With October occupancy expected to be 96.2%, year-to-date average daily occupancy will increase to 96%. All else equal, fourth quarter average daily occupancy, an expected range of 96.2% to 96.4%, will result in revenue growth approximating the midpoint of our revenue guidance. Now inherent within the midpoint achievement is sequential revenue growth acceleration of approximately 40 basis points. We expect the majority of the acceleration will be achieved by sequential average daily occupancy improvements.

Additionally, we see an improvement in year-over-year blended lease rate growth. During the first three quarters of 2017, our blended lease rate achievement was lower year-over-year. However, it is worth noting, in the fourth quarter, we expect that trend to reverse. While over 70% are of our fourth quarter leasing activity complete, we have achieved a blended rate increase of 2.7%, consistent with our blended rate increases during the first 9 months of the year and over 100 basis points ahead of last year.

Finally, in yesterday's release, we set guidance for fourth quarter AFFO per share of $0.54 to $0.58 per share and FFO per share of $0.60 to $0.64. With that, we'll now open up the call for questions. Please limit your questions to two per time in the queue. Operator, I'll turn it over to you for the first question.

Questions and Answers

Operator

Thank you. We will now begin the question-and-answer session. To ask a question, you may press star then one on your touchtone phone. If you're using a speakerphone, we ask you please pick up your handsets before pressing the keys.
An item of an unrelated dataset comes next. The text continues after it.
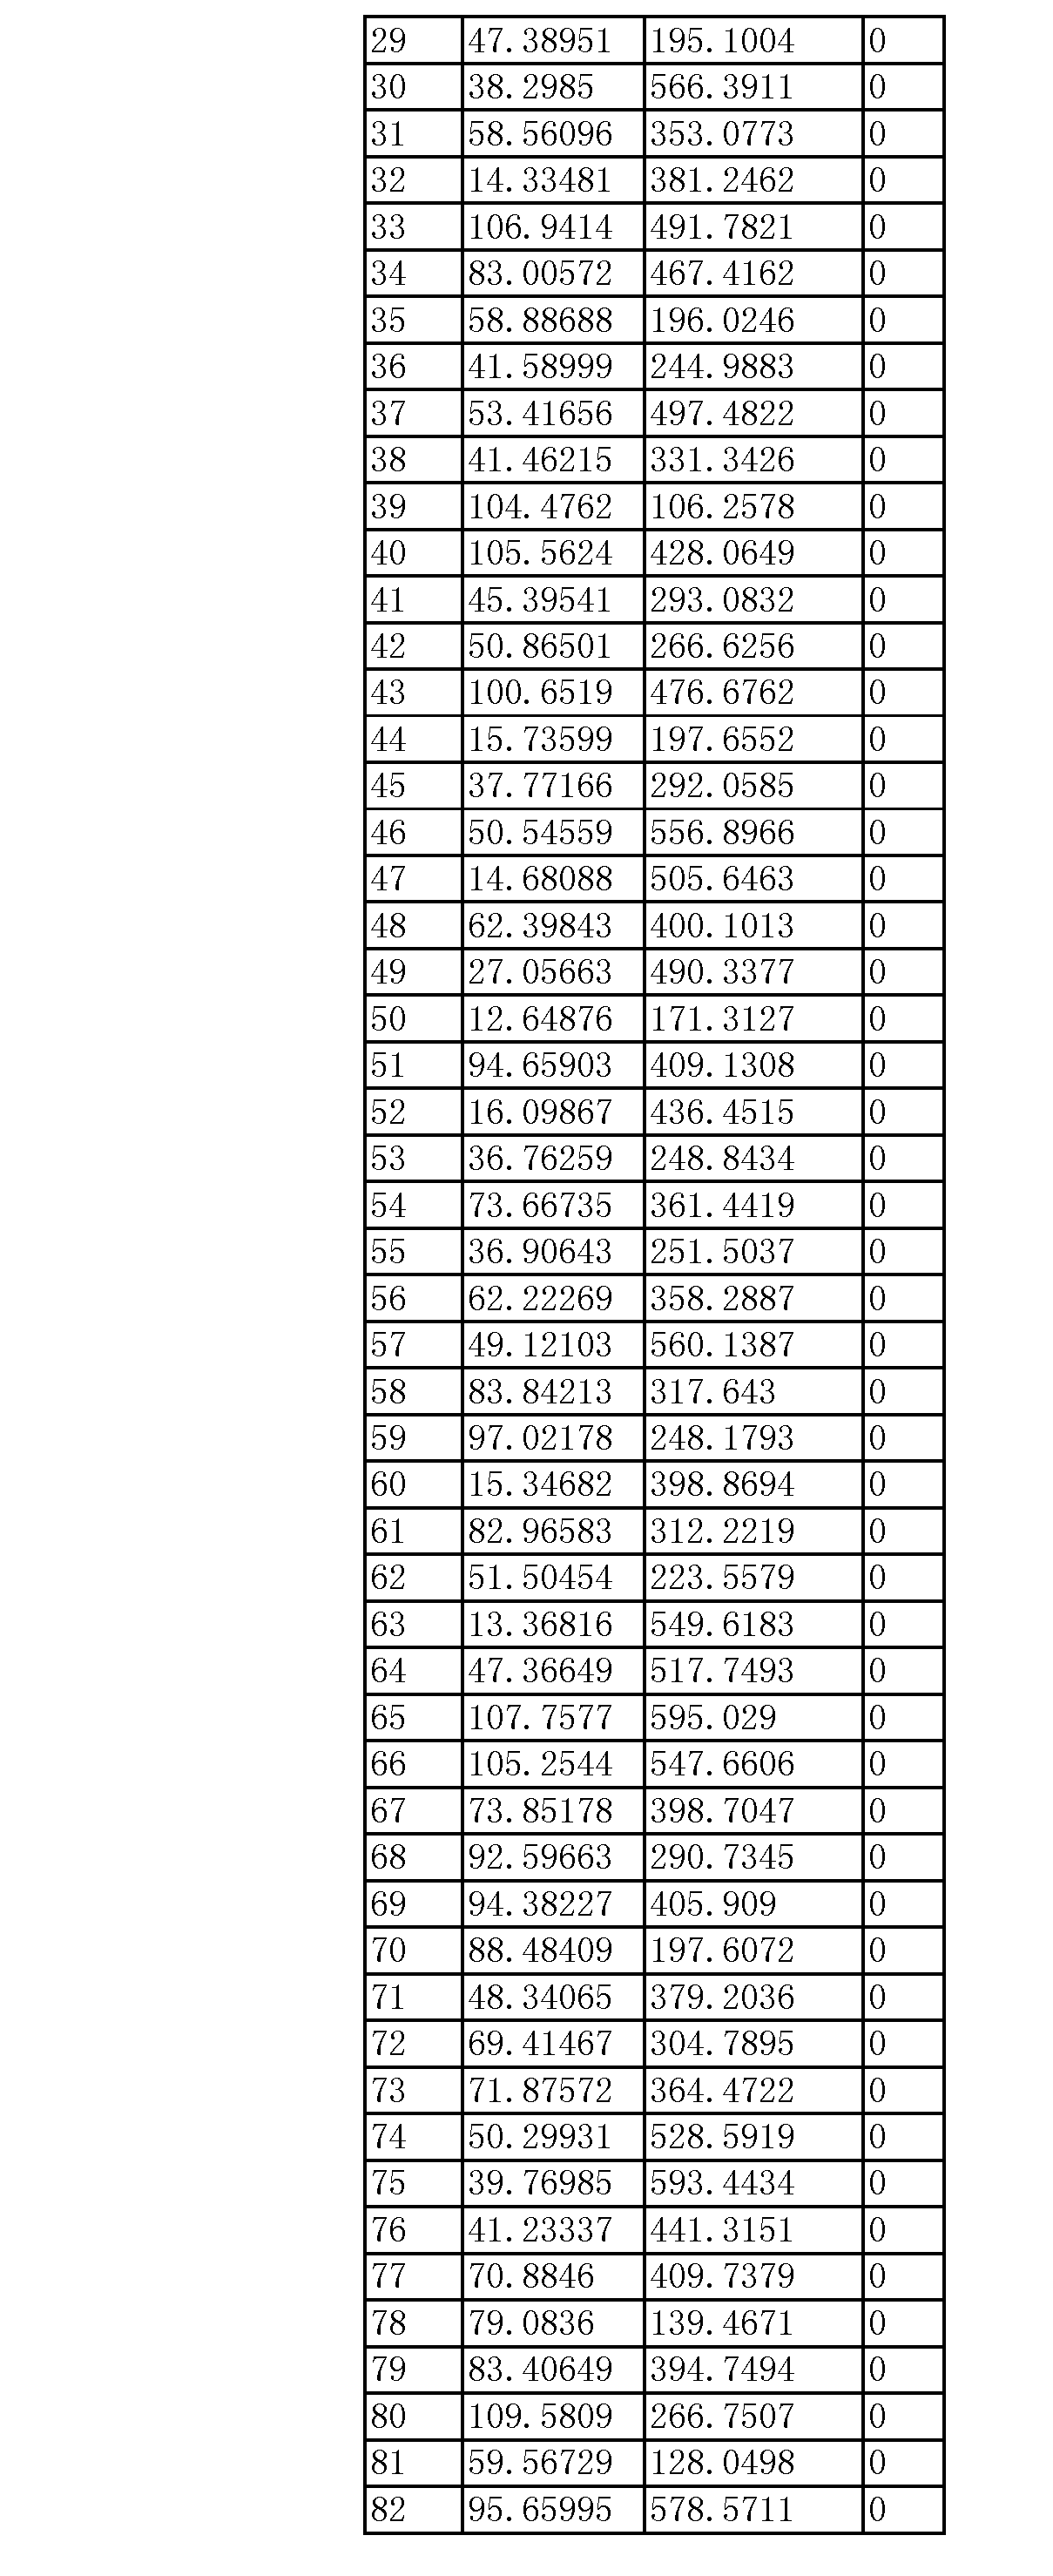 CN104634309A - 智能机载测亩仪- Google Patents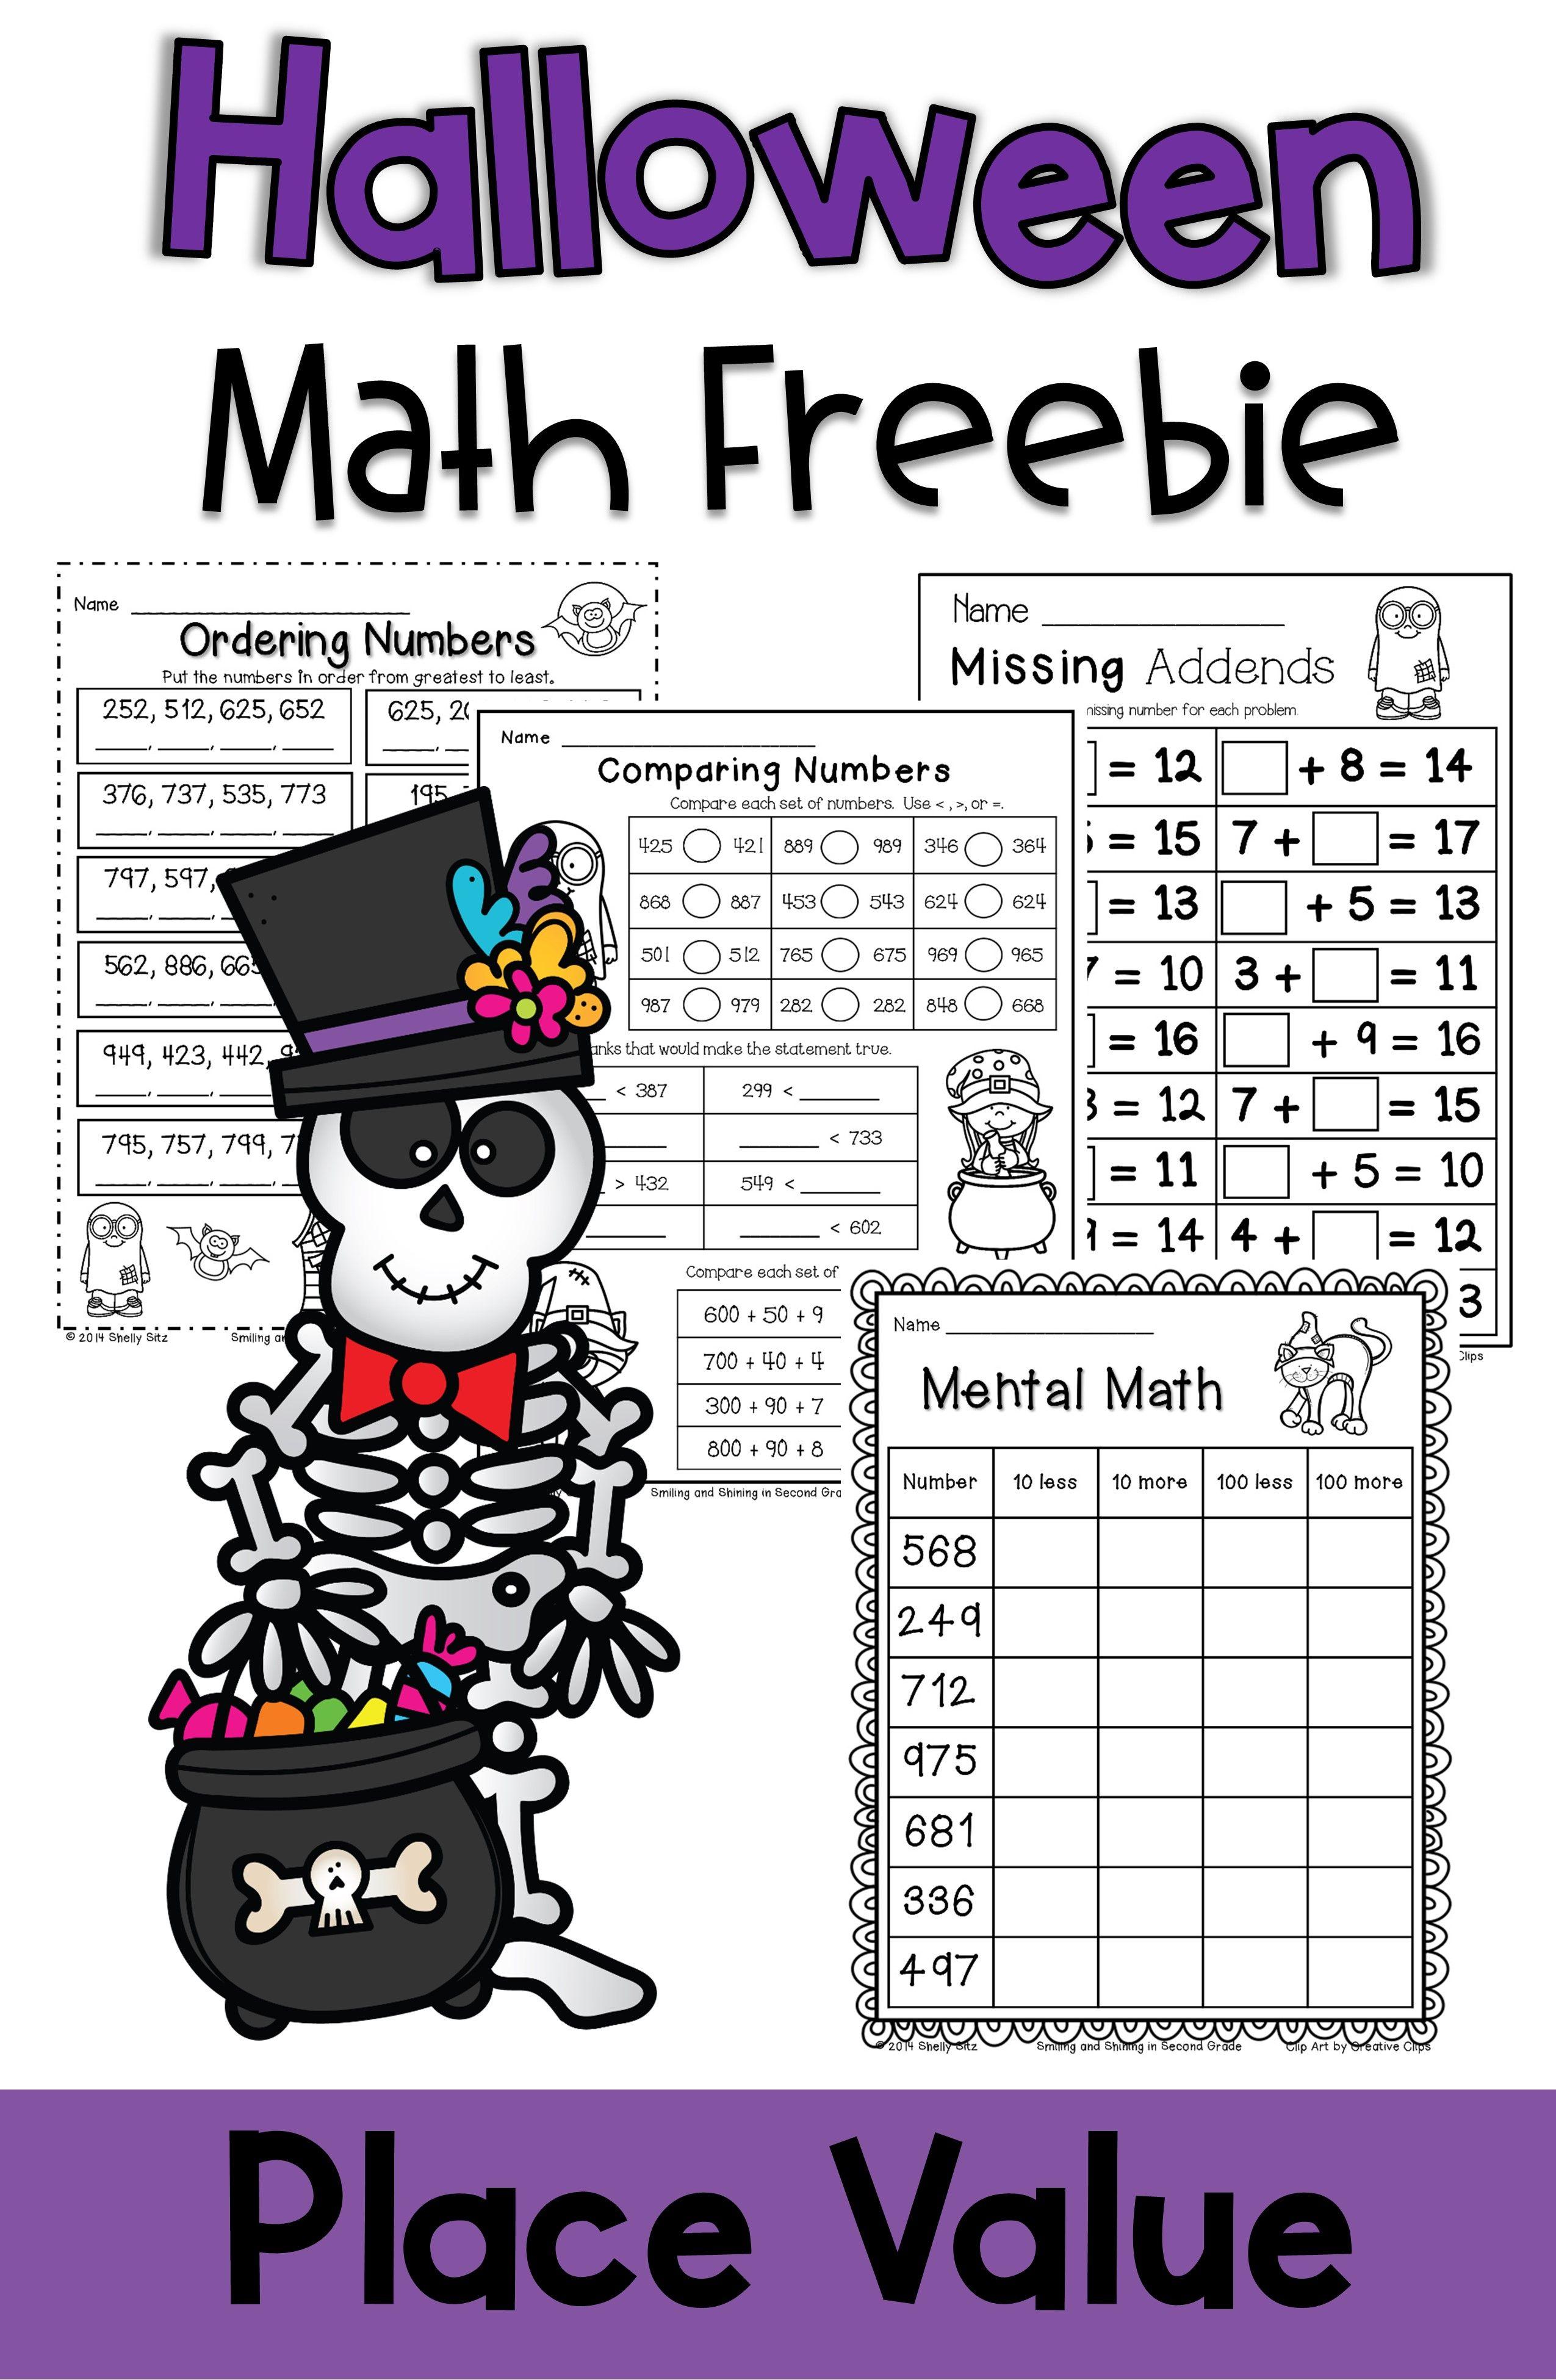 Halloween Math Freebie Math Freebie Halloween Math Halloween Math Worksheets [ 3900 x 2550 Pixel ]

To withdraw your question, please press star then two. Today's first question comes from Austin Wurschmidt of KeyBanc Capital Markets. Please go ahead.

Austin Wurschmidt -- KeyBanc Capital Markets -- Analyst

Hi. Good morning. And thanks for taking the question. John, you mentioned that your underwriting included the initial cost of acquiring Eastpointe, and I was just curious if that $117 million also includes the acquisition cost.

And then can you also give us a sense in Denver, in particular, where cap rates are today for higher-end communities in high-quality submarkets?

John Bezzant -- Chief Investment Officer

Sure. I'm going to start with the second one, and then I'm going to pass you to Patti Fielding, whose team did the underwriting on the Parc Mosaic project and the earnings for that one in more specificity. Denver cap rates are ranging in A types of market, and normally, you will see them in the 4s and in the low 4s, including in Boulder. There were a couple of sales that took place last year in Boulder that were in the 3s.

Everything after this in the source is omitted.